Did you see an online advertisement that featured a candidate or ballot measure in a San Francisco election? Are you curious about who paid for it? This page provides general information about how disclaimers can help you find out who paid for the ad that you saw online. It also explains which ads must have disclaimers and what to do if you see an ad that should have a disclaimer but does not.
What is a Disclaimer?
A disclaimer is a short message that identifies the committee who paid for the ad. An example of a disclaimer is “Ad paid for by Alice Jones for Mayor. Financial disclosures are available at sfethics.org.” This disclaimer tells you that a committee called “Alice Jones for Mayor” paid for the ad. It also tells you that you can visit the Ethics Commission’s website to see financial disclosures filed by that committee.
What information should a disclaimer include?

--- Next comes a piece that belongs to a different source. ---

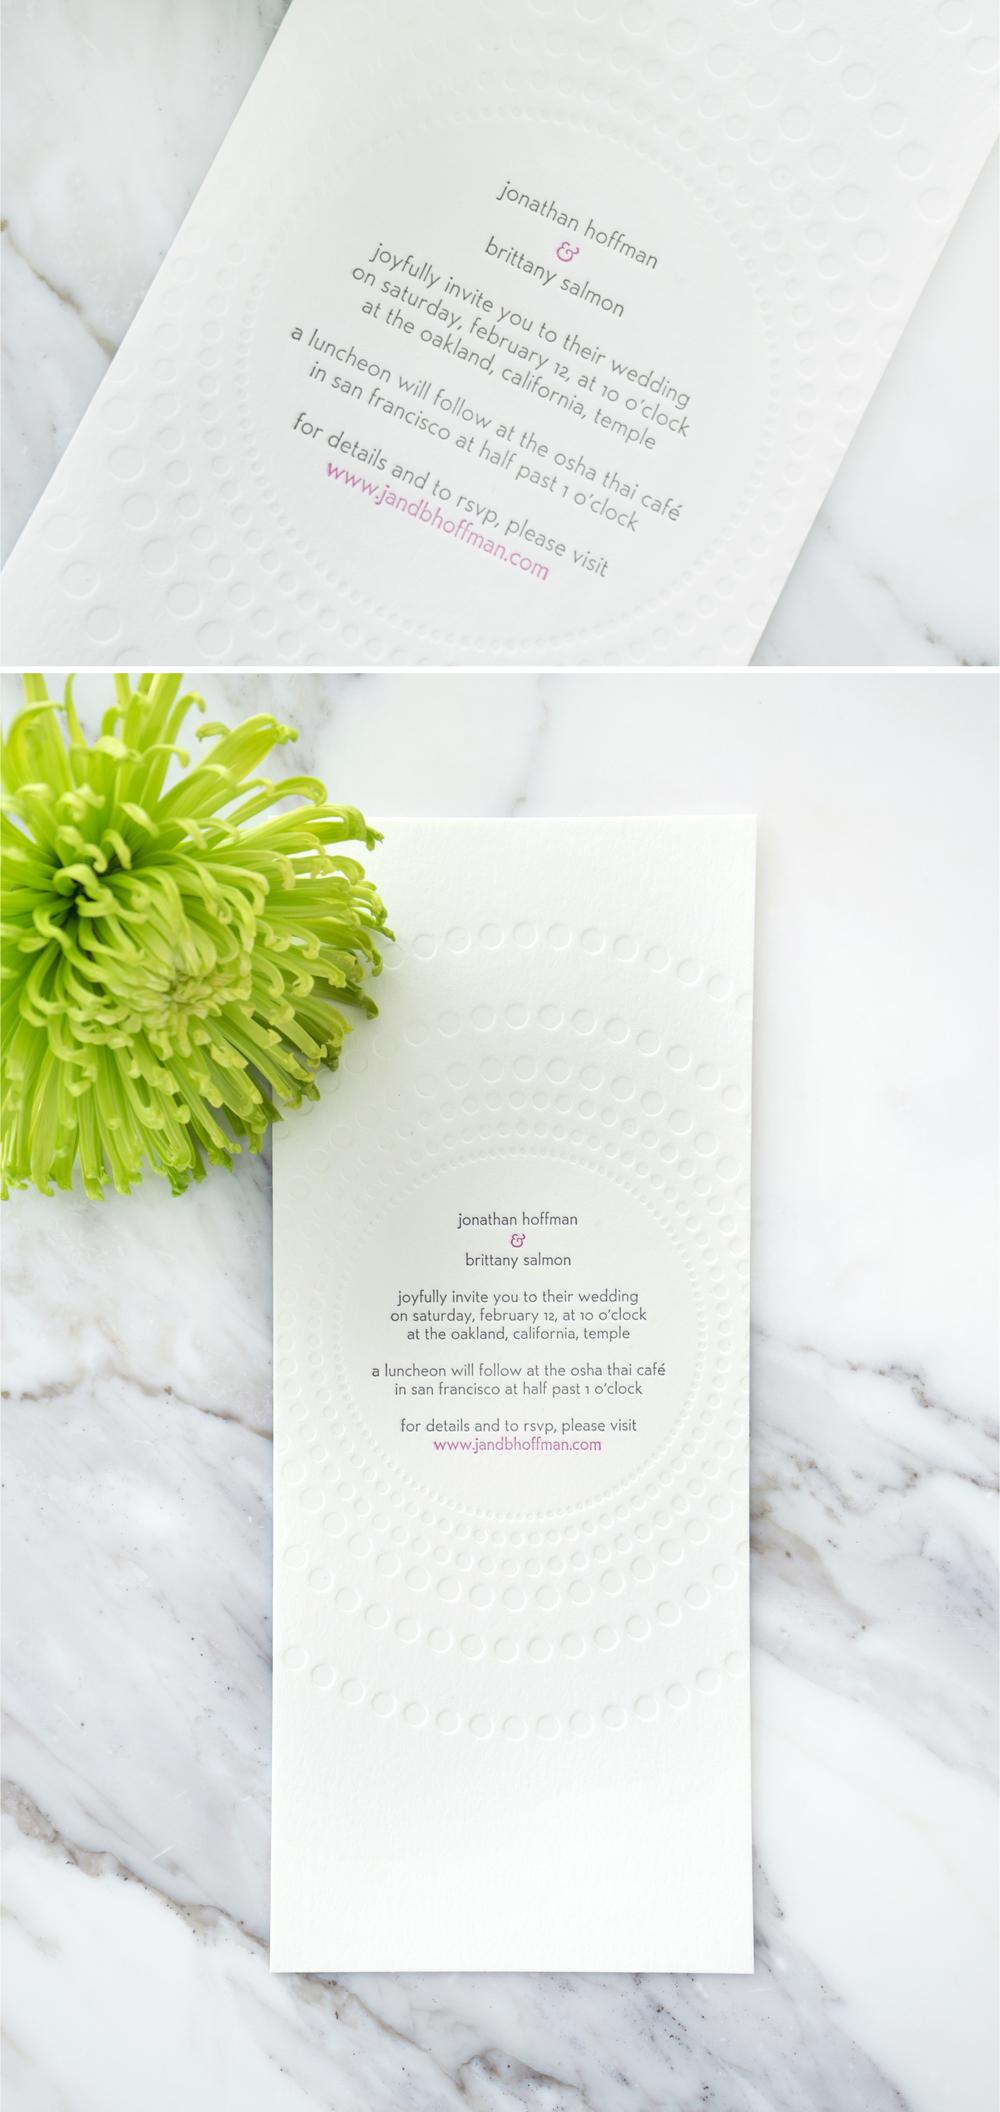 Jonathan & Brittany Wedding Invitation — Brittany Alise Hoffman
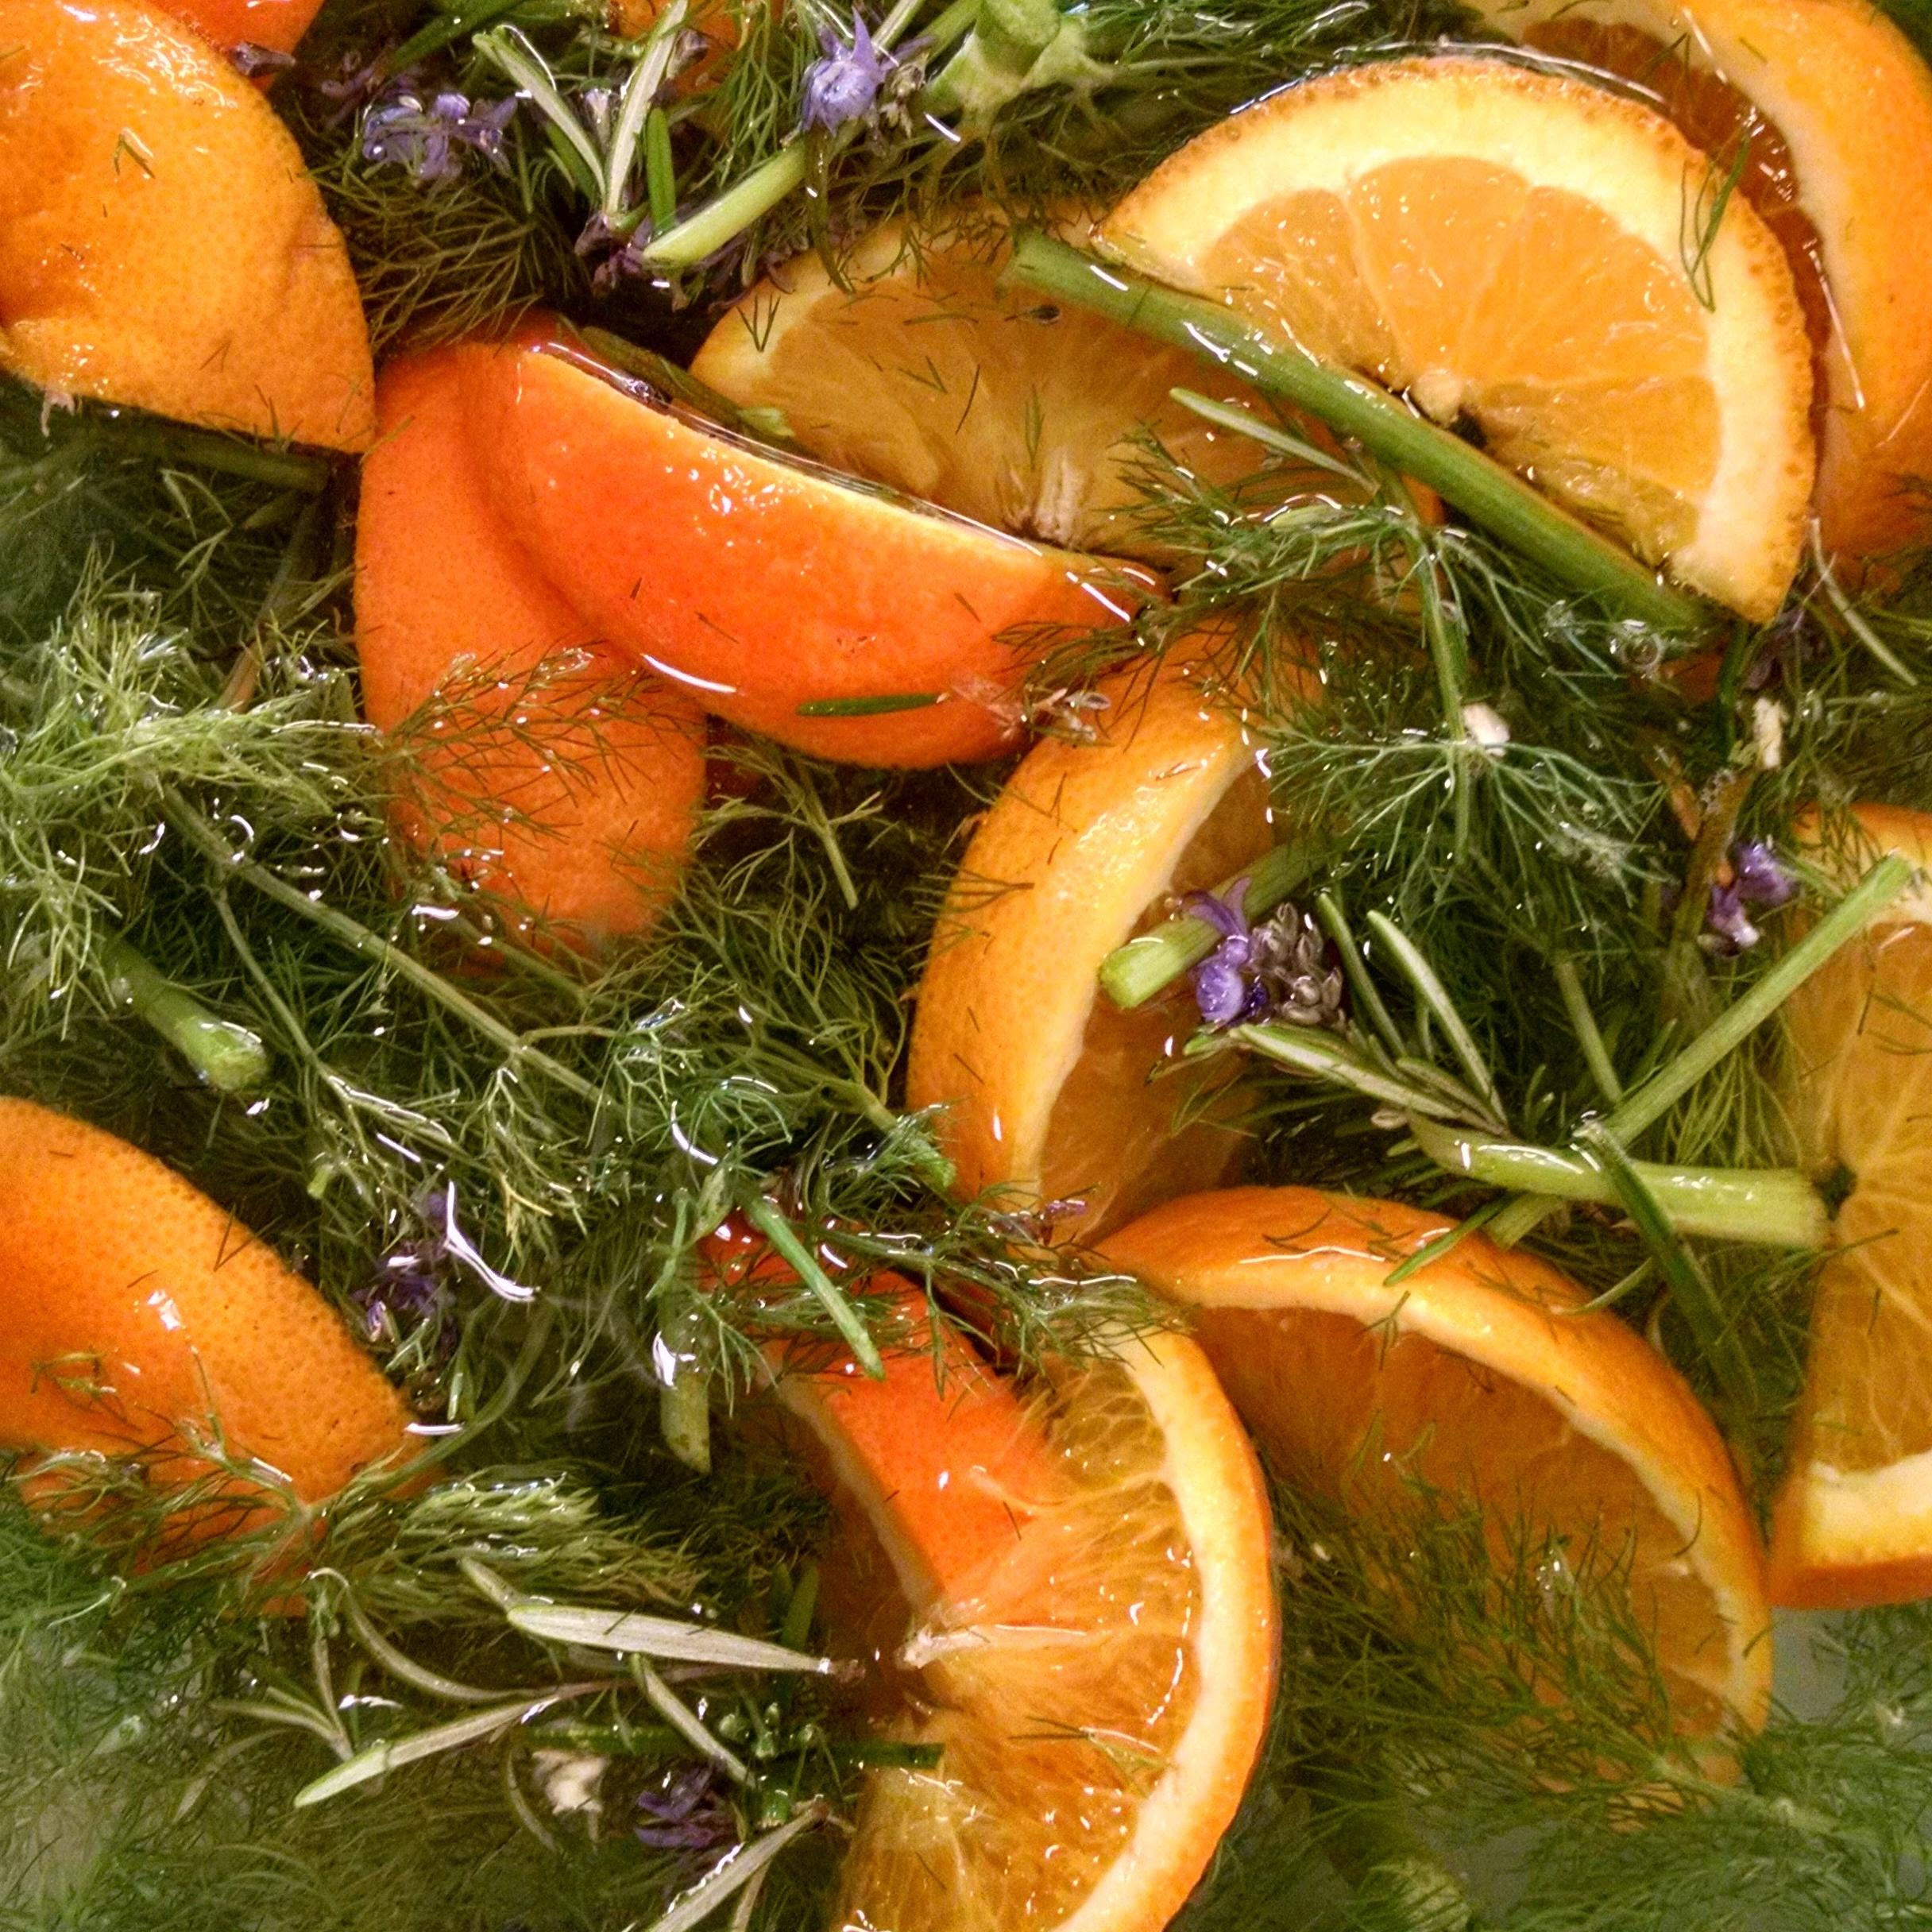 Orange Fennel Rosemary infused water

The specific language in a disclaimer can vary. The most basic disclaimer simply states the name of the committee that paid for the ad and states that you can find financial disclosures at sfethics.org. Certain disclaimers must also state the names of other people or committees that contributed money to the committee paying for the ad. These disclaimers will say “Major committee funding from” and list the names of the contributors.
Some ads that appear online, such as certain social media ads, don’t have to state the name of the committee that paid for the ad. However, such ads have to include a link to a webpage where you can view a full disclaimer. The link will say “Who paid for this ad?” and by clicking on this link you should able to see a full disclaimer.
What do I do if I am not familiar with the Committee that paid for the ad?
Sometimes, you will not recognize the name of the committee that is listed in the disclaimer. If you want to learn more about the committee, you can see information about it by visiting sfethics.org. The Commission’s Data Dashboards are the best way to see who contributed money to the committee and how the committee is spending its money. Click here to learn how to use the Data Dashboards.
Did you see an online ad without a disclaimer?
Not all ads that you see online require a disclaimer. An ad has to have a disclaimer only if it clearly refers to a candidate or ballot measure that will appear on the ballot. For example, ads that discuss a major political issue but do not refer to a candidate or ballot measure do not need to have a disclaimer.
Also, if displaying the disclaimer would be impracticable because of the specific technology used to make the communication, then a disclaimer may not be required. Additionally, the organization or person responsible for the ad may not be required to provide a disclaimer because they are spending less than $1,000 in total on all communications or have raised less than $2,000 in contributions.